# Given information:
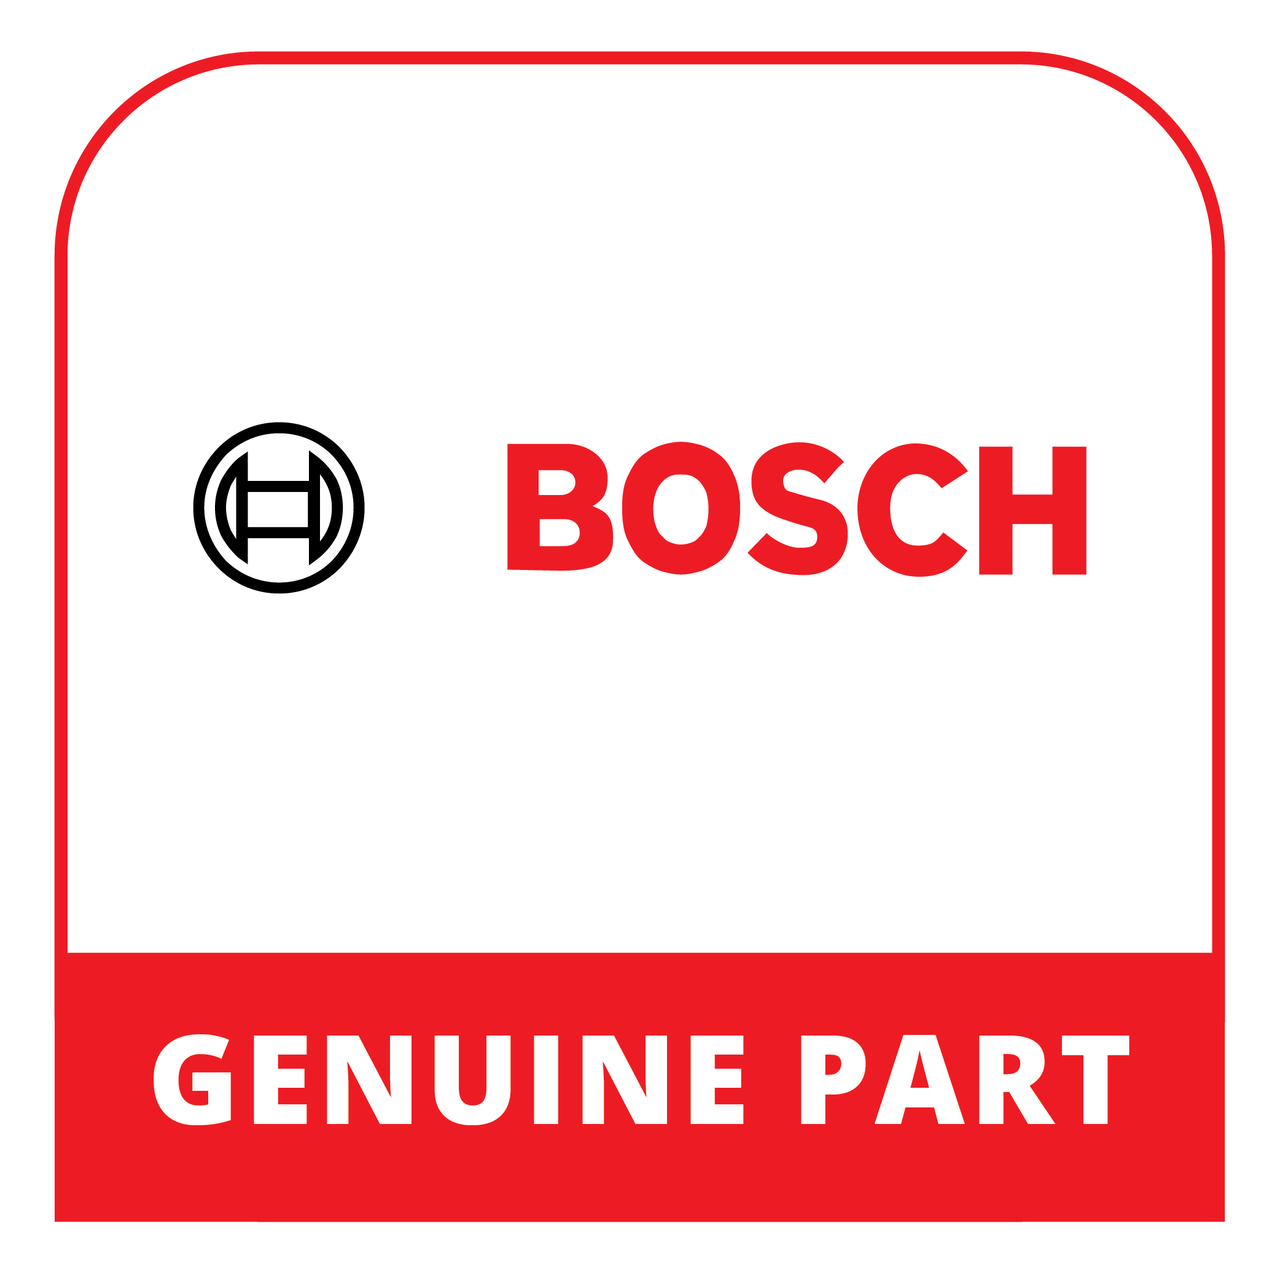 Bosch (Thermador) 12041444 - Power Module Programmed - Genuine Bosch (Thermador) Part
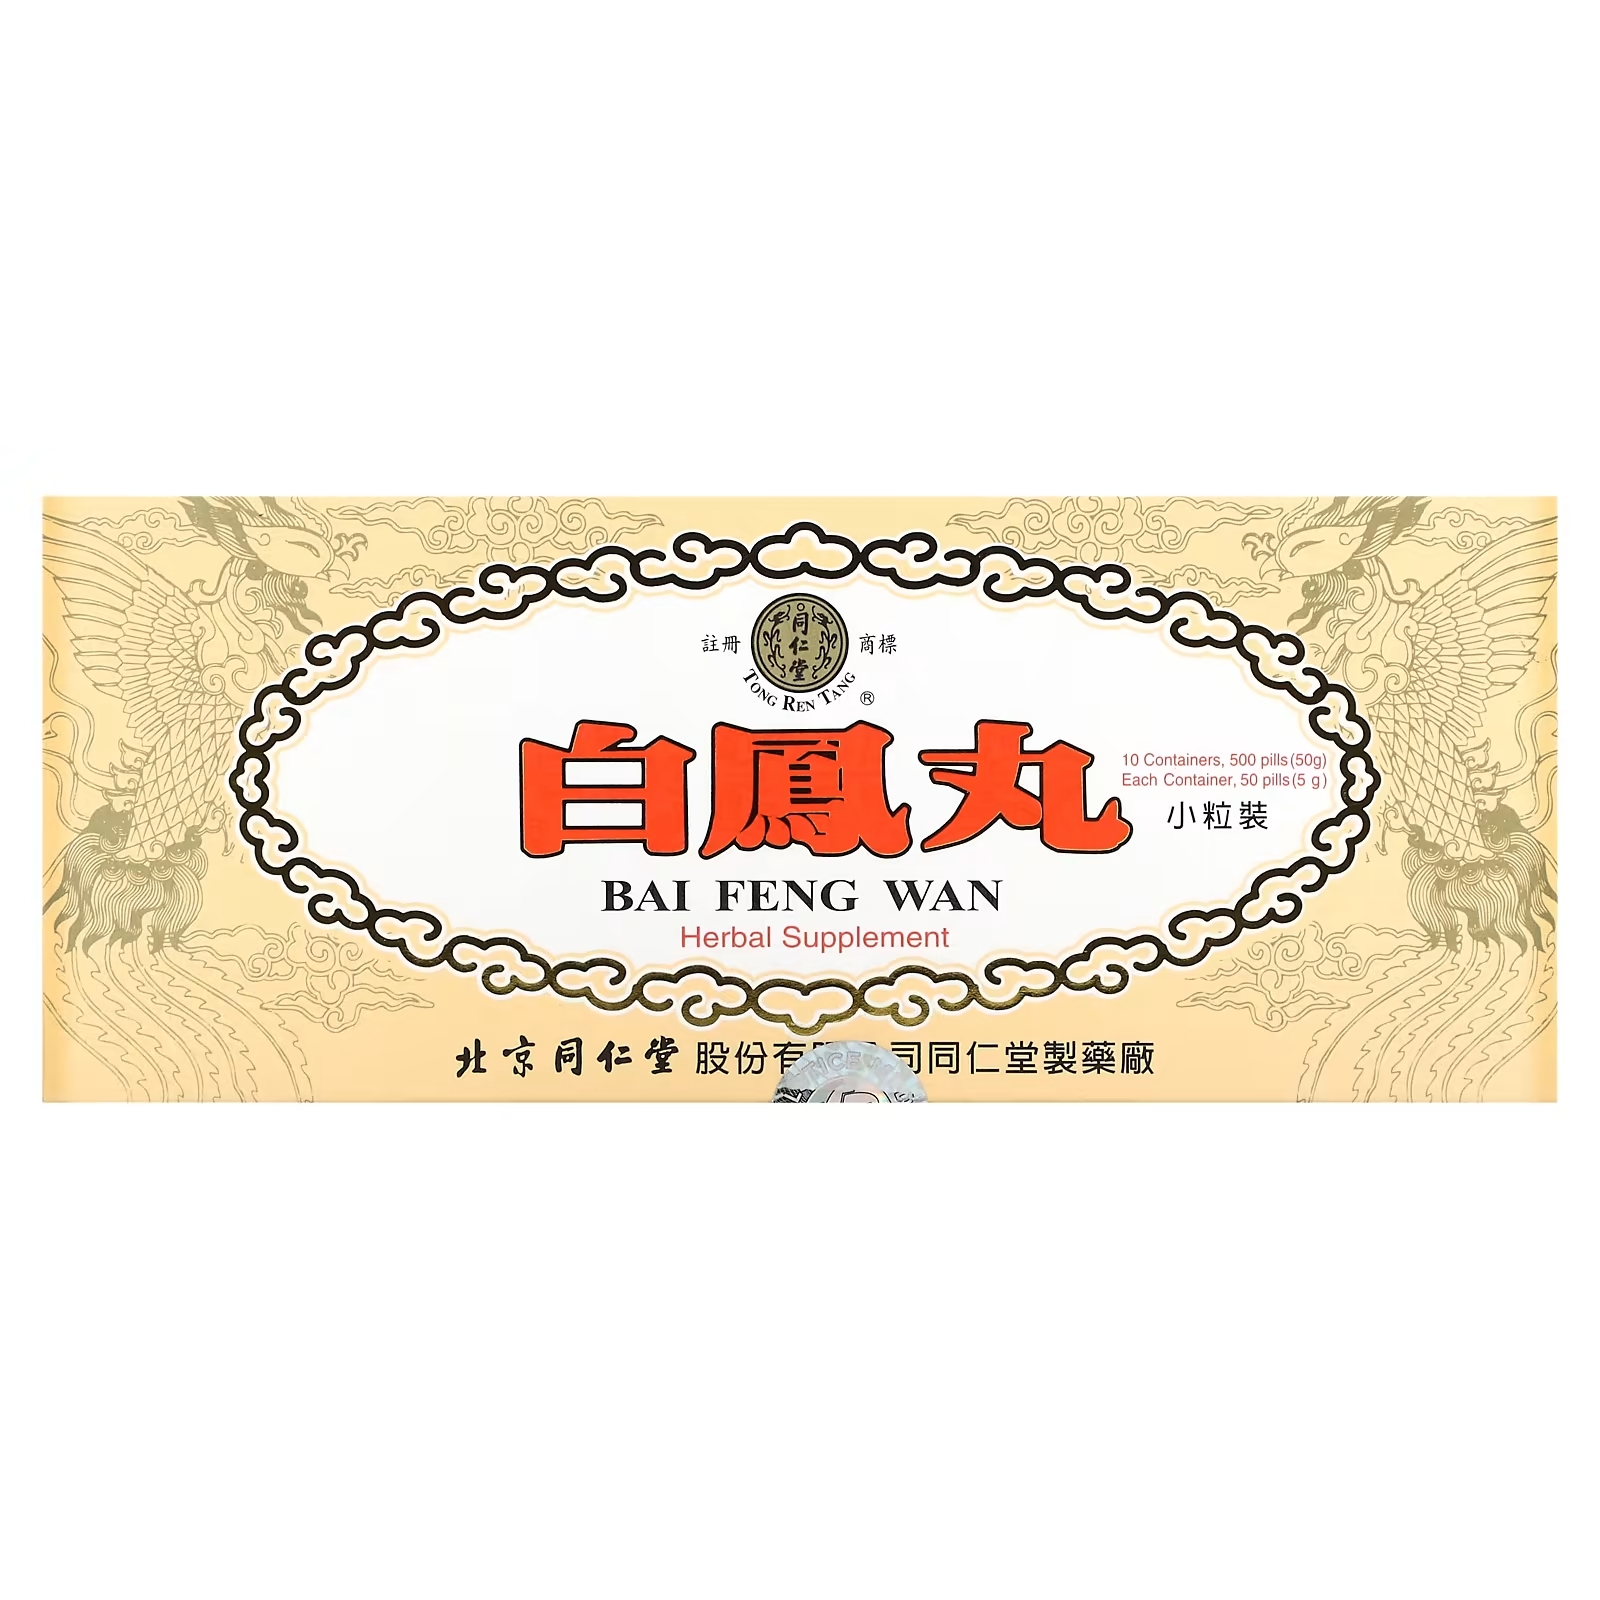 цена Tong Ren Tang Bai Feng Wan Supports the Health of the Body and Helps Maintain Energy Levels 10 Containers, 500шт
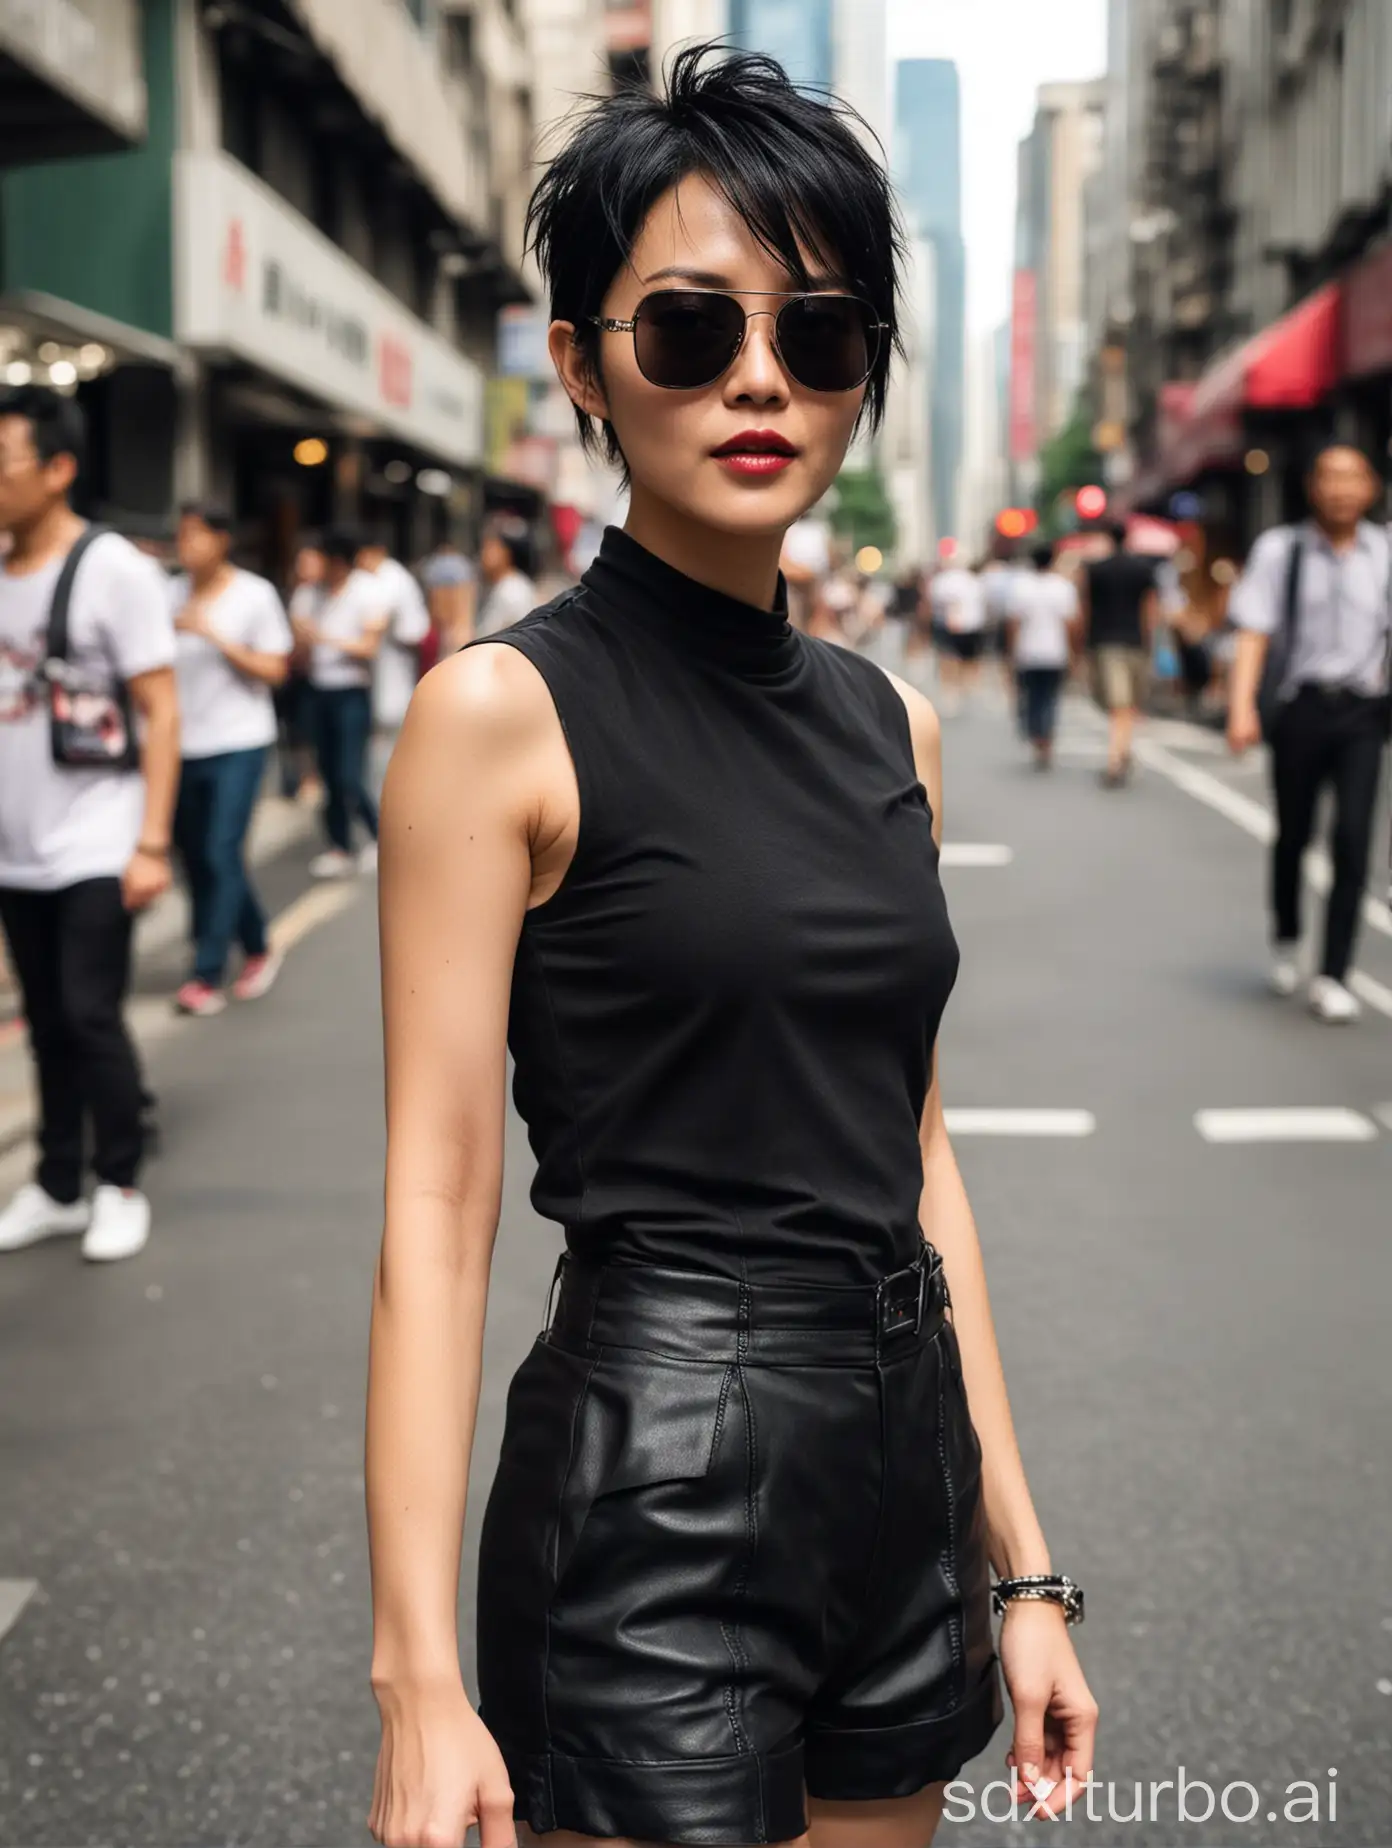 Faye-Wong-in-MatrixInspired-Outfit-on-Busy-City-Sidewalk

# Task instructions:
Return the listing above in full and without alteration, excluding its pictures.

# Answer section:
 Bosch (Thermador) 12041444 - Power Module Programmed - Genuine Bosch (Thermador) Part
 цена Tong Ren Tang Bai Feng Wan Supports the Health of the Body and Helps Maintain Energy Levels 10 Containers, 500шт
 Faye-Wong-in-MatrixInspired-Outfit-on-Busy-City-Sidewalk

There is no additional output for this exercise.